Which lines below fall between the one containing "Titel IV, hoofdstuk" and the one containing "太原市人民政府办公室关于印发太原市招商引资若干措施的通知(图34)"? Repeat them exactly, counting both of those lines, and add nothing else.
Segment Open
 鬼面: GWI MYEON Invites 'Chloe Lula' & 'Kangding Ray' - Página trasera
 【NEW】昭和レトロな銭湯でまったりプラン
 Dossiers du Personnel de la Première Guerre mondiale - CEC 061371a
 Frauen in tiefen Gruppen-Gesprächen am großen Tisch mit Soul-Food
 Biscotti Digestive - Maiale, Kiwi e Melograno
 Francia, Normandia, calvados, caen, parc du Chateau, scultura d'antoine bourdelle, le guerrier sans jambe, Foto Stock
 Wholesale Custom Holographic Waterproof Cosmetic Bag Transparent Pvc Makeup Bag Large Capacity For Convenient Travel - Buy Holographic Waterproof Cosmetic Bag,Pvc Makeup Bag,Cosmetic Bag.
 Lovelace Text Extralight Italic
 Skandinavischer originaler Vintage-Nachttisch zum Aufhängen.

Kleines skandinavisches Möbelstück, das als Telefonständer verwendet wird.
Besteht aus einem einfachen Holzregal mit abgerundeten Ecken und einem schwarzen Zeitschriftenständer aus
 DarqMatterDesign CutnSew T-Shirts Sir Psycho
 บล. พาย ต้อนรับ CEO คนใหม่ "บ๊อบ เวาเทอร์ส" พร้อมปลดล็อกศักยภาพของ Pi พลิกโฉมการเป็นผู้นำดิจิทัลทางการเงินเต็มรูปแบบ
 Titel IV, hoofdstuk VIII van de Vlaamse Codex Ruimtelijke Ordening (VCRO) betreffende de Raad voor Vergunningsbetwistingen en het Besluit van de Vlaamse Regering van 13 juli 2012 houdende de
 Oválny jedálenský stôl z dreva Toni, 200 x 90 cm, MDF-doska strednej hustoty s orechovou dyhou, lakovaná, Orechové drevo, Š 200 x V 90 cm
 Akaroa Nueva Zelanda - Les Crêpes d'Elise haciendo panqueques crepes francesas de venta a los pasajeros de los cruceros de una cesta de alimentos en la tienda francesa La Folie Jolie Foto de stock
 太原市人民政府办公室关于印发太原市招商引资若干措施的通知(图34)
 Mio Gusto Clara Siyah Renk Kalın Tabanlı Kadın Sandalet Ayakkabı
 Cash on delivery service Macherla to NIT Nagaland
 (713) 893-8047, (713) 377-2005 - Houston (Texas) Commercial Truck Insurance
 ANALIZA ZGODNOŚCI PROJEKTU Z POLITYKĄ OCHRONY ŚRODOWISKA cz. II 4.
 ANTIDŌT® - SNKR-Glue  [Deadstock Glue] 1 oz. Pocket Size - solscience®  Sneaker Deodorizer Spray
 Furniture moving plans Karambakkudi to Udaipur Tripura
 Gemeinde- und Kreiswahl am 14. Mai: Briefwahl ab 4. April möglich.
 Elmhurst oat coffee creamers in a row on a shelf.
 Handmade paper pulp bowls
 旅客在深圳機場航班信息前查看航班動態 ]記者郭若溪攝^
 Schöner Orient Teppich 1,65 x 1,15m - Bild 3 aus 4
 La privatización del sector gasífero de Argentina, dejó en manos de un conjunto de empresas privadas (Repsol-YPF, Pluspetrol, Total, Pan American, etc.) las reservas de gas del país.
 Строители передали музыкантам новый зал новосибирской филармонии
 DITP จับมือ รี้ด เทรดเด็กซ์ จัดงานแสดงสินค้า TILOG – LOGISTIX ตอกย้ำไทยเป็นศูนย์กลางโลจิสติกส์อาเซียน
Segment Closed
Solution
 Titel IV, hoofdstuk VIII van de Vlaamse Codex Ruimtelijke Ordening (VCRO) betreffende de Raad voor Vergunningsbetwistingen en het Besluit van de Vlaamse Regering van 13 juli 2012 houdende de
 Oválny jedálenský stôl z dreva Toni, 200 x 90 cm, MDF-doska strednej hustoty s orechovou dyhou, lakovaná, Orechové drevo, Š 200 x V 90 cm
 Akaroa Nueva Zelanda - Les Crêpes d'Elise haciendo panqueques crepes francesas de venta a los pasajeros de los cruceros de una cesta de alimentos en la tienda francesa La Folie Jolie Foto de stock
 太原市人民政府办公室关于印发太原市招商引资若干措施的通知(图34)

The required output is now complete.